Bartlett v. Glasgow.

that Stymest had broken the limits; that on the 10th December, Stymest was rendered to the custody of the sheriff of St. John, in discharge of his sureties in the limit bond, under an order from the Judge of the County Court of St. John, and that since that time this suit had been commenced,

An application had been made to a Judge at chambers, who, having doubts whether it should not have been made to the Court of Equity, stayed the proceeding until the defendant could apply to the Court.

The power of the sheriff to take a limit bond in a matter of this kind is put beyond doubt by the Act 24 Vict., c. 6. There is no doubt that the application for relief is properly made to this Court, in which the action is brought. By the express terms of the statute, (1 Rev. Stat., c. 124, s. 13) the Court where the action is brought is authorized to give such relief as is agreeable to justice. The Court of Equity would have no power to give summary relief to the sureties in an action brought on the limit bond in this Court.

We also think that the render of Stymest was sufficient. By 1 Rev. Stat., c. 124, s. 17, any debtor having the liberty of the limits, may render himself, or be rendered by his surety, to prison, in discharge of the limit bond. By 12 Vict., c. 39, s. 14, a defendant in custody of a sheriff by virtue of any legal process, may be rendered in discharge of his bail in any action depending in the Supreme Court, in the manner therein before provided, that is, in the preceding section for a render in discharge of bail; and by the 31 Vict., c. 13, s. 10, a Judge of a County Court may make an order for the render of any defendant in discharge of his bail, in any cause in any Court in the Province, to the gaol of any County.

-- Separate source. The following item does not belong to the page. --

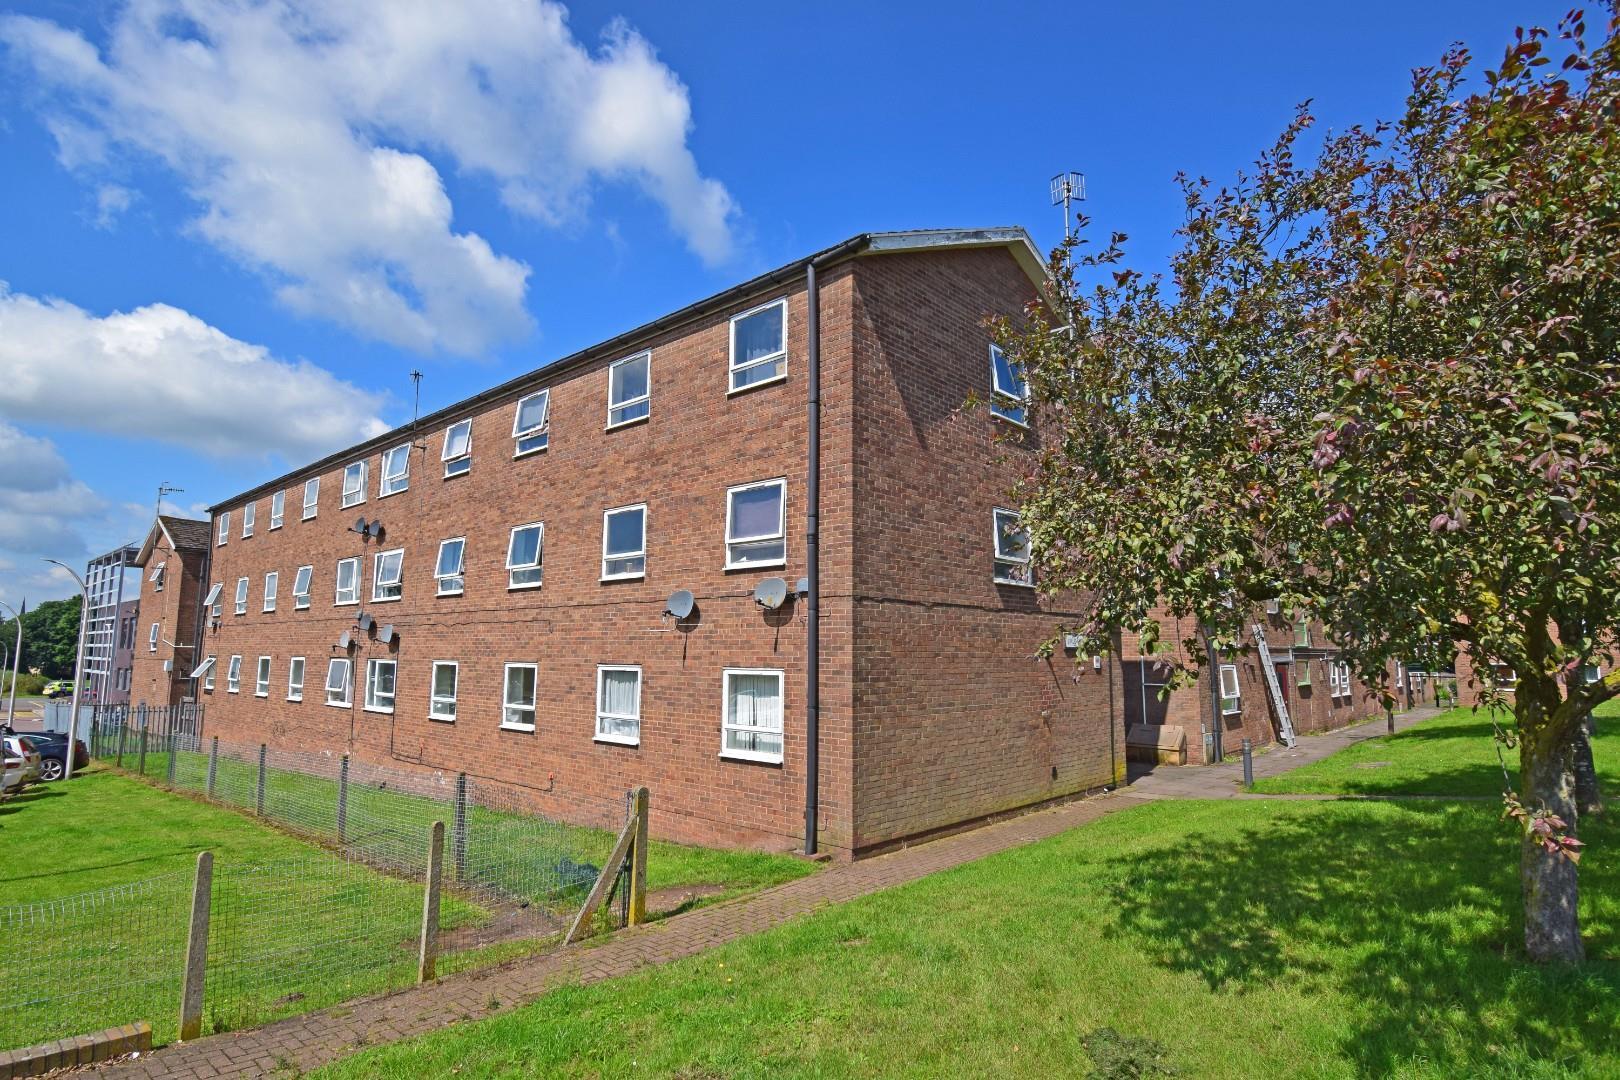 2 Birlingham House, Burcot Lane, Bromsgrove, B60 1AH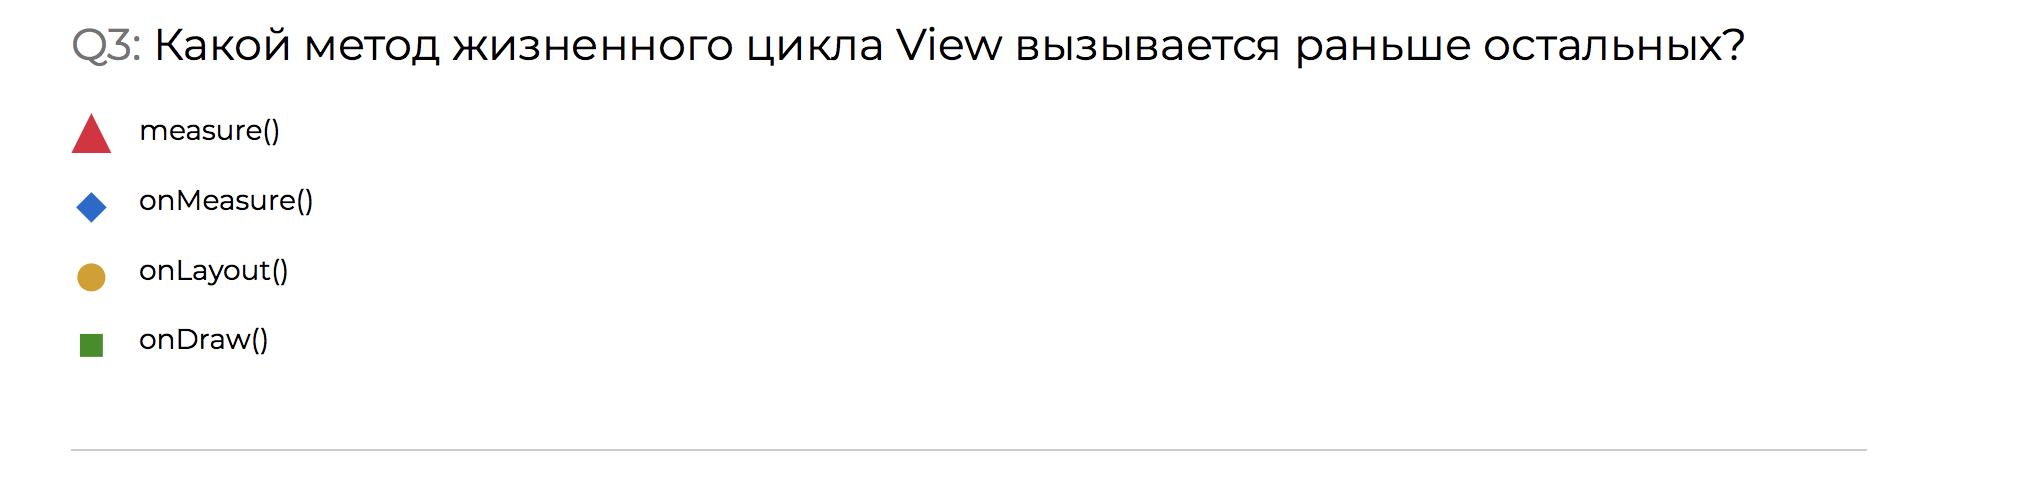 Разбор конкурса-квиза по Android со стенда HeadHunter на Mobius 2018 Moscow - 6

Though the word "bail" in these Statutes may, strictly speaking, mean special bail, or bail to the sheriff: still, looking to the fact that the sureties in a limit bond are authorized to render their principal to prison-a proceeding analagous to that of render by special bail -we are inclined to think that the word "bail" may be held to apply to the sureties in a limit bond. Admitting, however, that the Act will not bear that construction, as Stymest had a right to render himself in discharge of his sureties, see Campbell v. Henan (Bert. R. 72,) and he is now actually in the custody of the sheriff, who has received him under the order for render and taken a new limit bond, we think the defendant is entitled to have the proceeding in this action stayed, on payment of the costs up to the time of the application made to Mr. Justice Weldon. Rule accordingly.